Figure 4.0: A red arrow symbolizes an absolute velocity which is inherent to the ALIVE model, the dots represent energy and matter in our current universe as it transitions from whatever energy came before t=0 (the fuzzy lines of the pre-Big Bang).
Brief Discussion & Conclusion
Until the 1960’s, a leading theory in opposition to the modern Big Bang model was known as the Steady State model. For years it asserted that, like the principles of isotropy and homogeneity for galaxies, time itself obeyed the cosmological principle and had no preference for either temporal direction. Curiously, much like the ΛCDM model’s requirement for spacetime energy to remain undiluted by its own expansion, the Steady State model required energy to appear from empty space as well—equivalent to one hydrogen atom per cubic kilometre per year. It was only until the ultra-deep field image was taken by the Hubble Space Telescope that the Steady State theory was thoroughly disproven many years later.
Upon reading this ALIVE theory, the professional who answered “everywhere” to our layman at the beginning of this article has surely found multiple problems with it. And it’s likely those holes would be genuine. It is hoped, though, that by recalling how most cosmological theories have had boisterous support despite glaring issues—e.g. in both the previously mentioned models a form of energy is inexplicably popping into existence—and by demonstrating the simplicity with which we can dispel common arguments against a local Big Bang that have even been made by leading physicists such as Alan Guth (who, in his book The Inflationary Universe, argued statements 1 and 2 [14])—we can at least humour our instincts. A seemingly universal gut feeling which, everything considered, might be the greatest proponent of the ALIVE model in the end.

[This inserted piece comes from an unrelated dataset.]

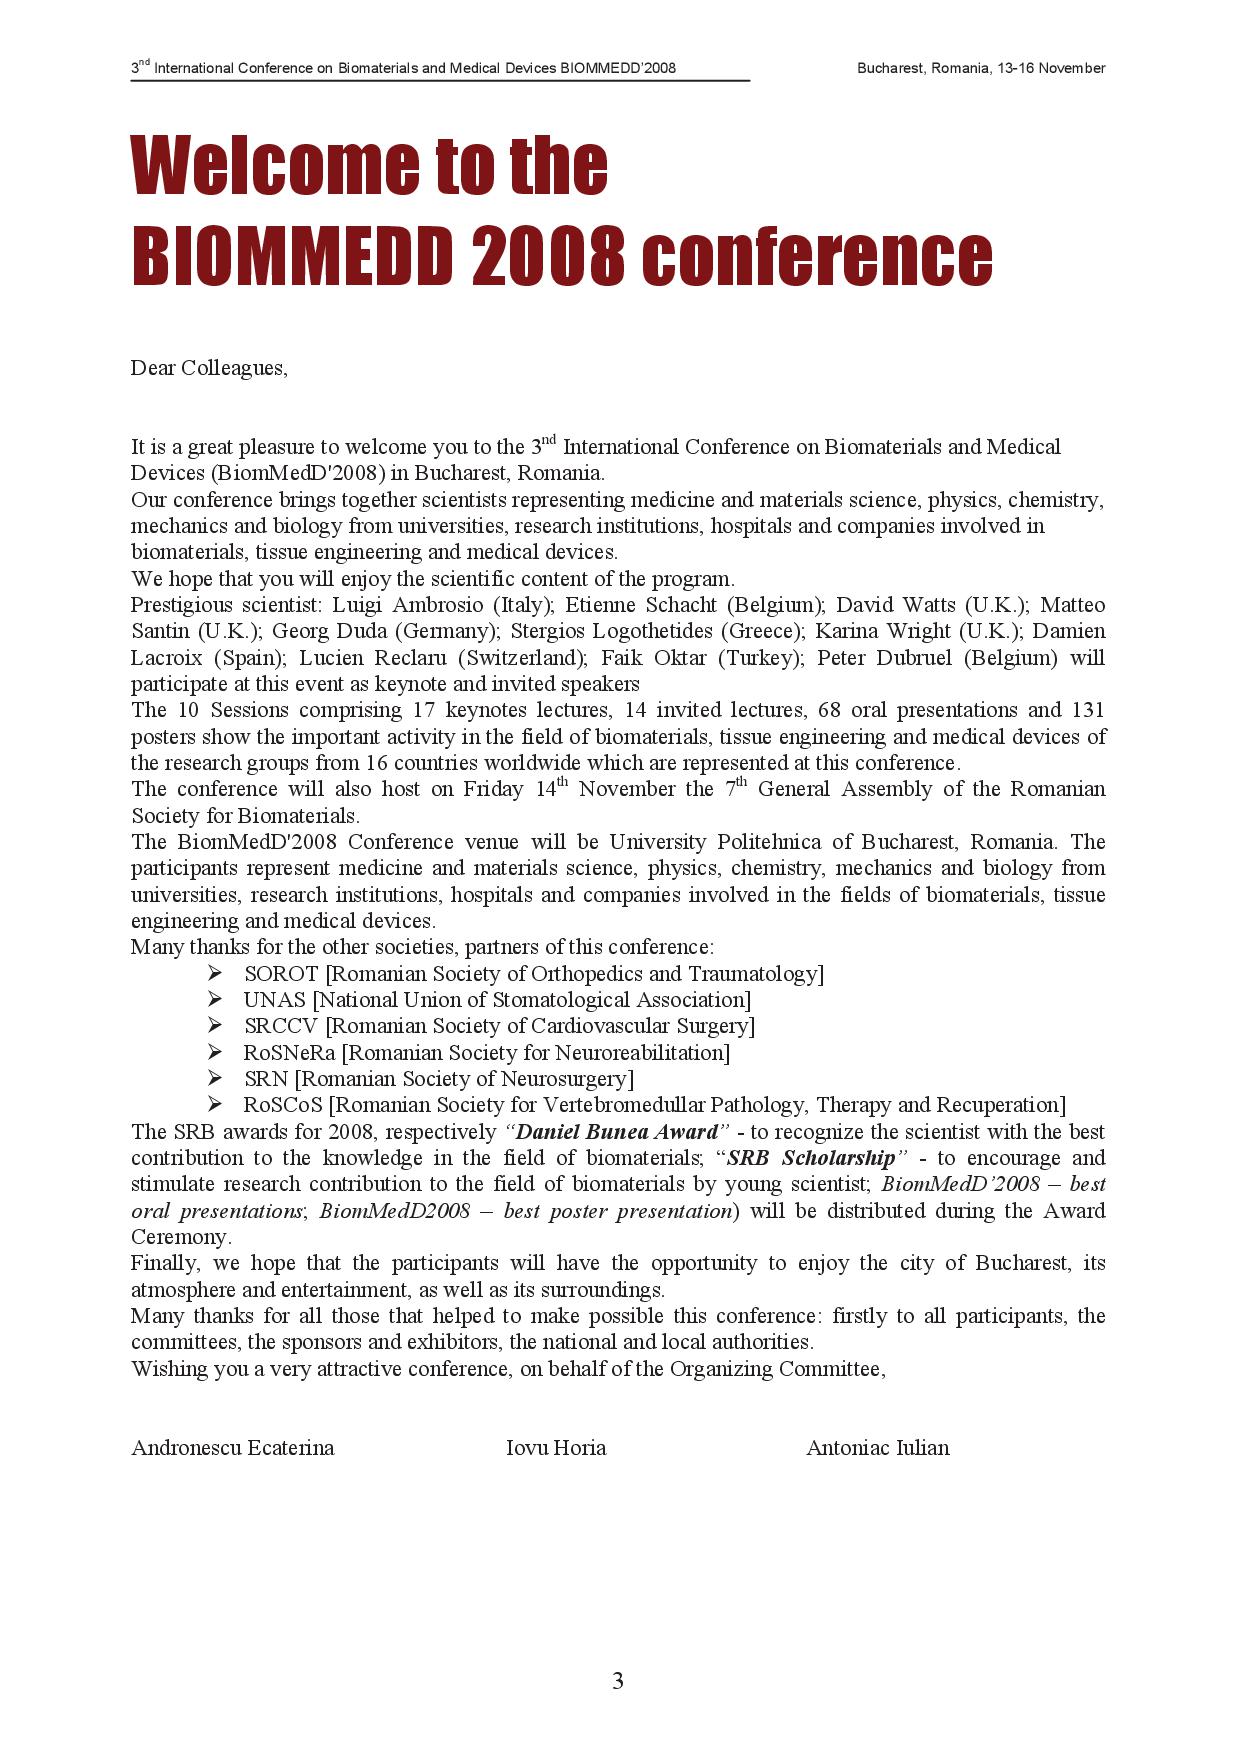 3rd International Conference on Biomaterials and Medical Devices BIOMMEDD’2008

In closing, it’s recognized these arguments are hardly rigorous from a physics perspective since there is an absence of physics. A proof is clearly not the intention of this text. Instead, the goal is to demonstrate how a local Big Bang, with the conditions of the ALIVE model, may satisfy many of the deficiencies in our understanding of the universe in ways the ΛCDM model cannot through a reexamination of the first principles of cosmology: namely, the source of redshift of receding galaxies and the source of the CMB dipole. Doing so requires a broad framework that oversimplifies the concepts into something like a dot model, while focusing on qualitative arguments rather than quantitative ones (for the time being) in order to break the ice, so to speak. Perhaps the most interesting implication of this ALIVE model is the physical location of the Big Bang in the sky: (l) 264.0° (b) 48.3° (in galactic coordinates) which is towards the Hydra Constellation.
Hopefully it goes without saying that this article, in no way whatsoever, aims to dismiss the remarkable work being done by the cosmology community whose efforts have ascended this scientific field into what’s been called a “golden era”. Of course these arguments herein do contradict many of the fundamental assumptions of modern cosmology, but this is being done solely with the spirit of inquiry in mind, not contempt.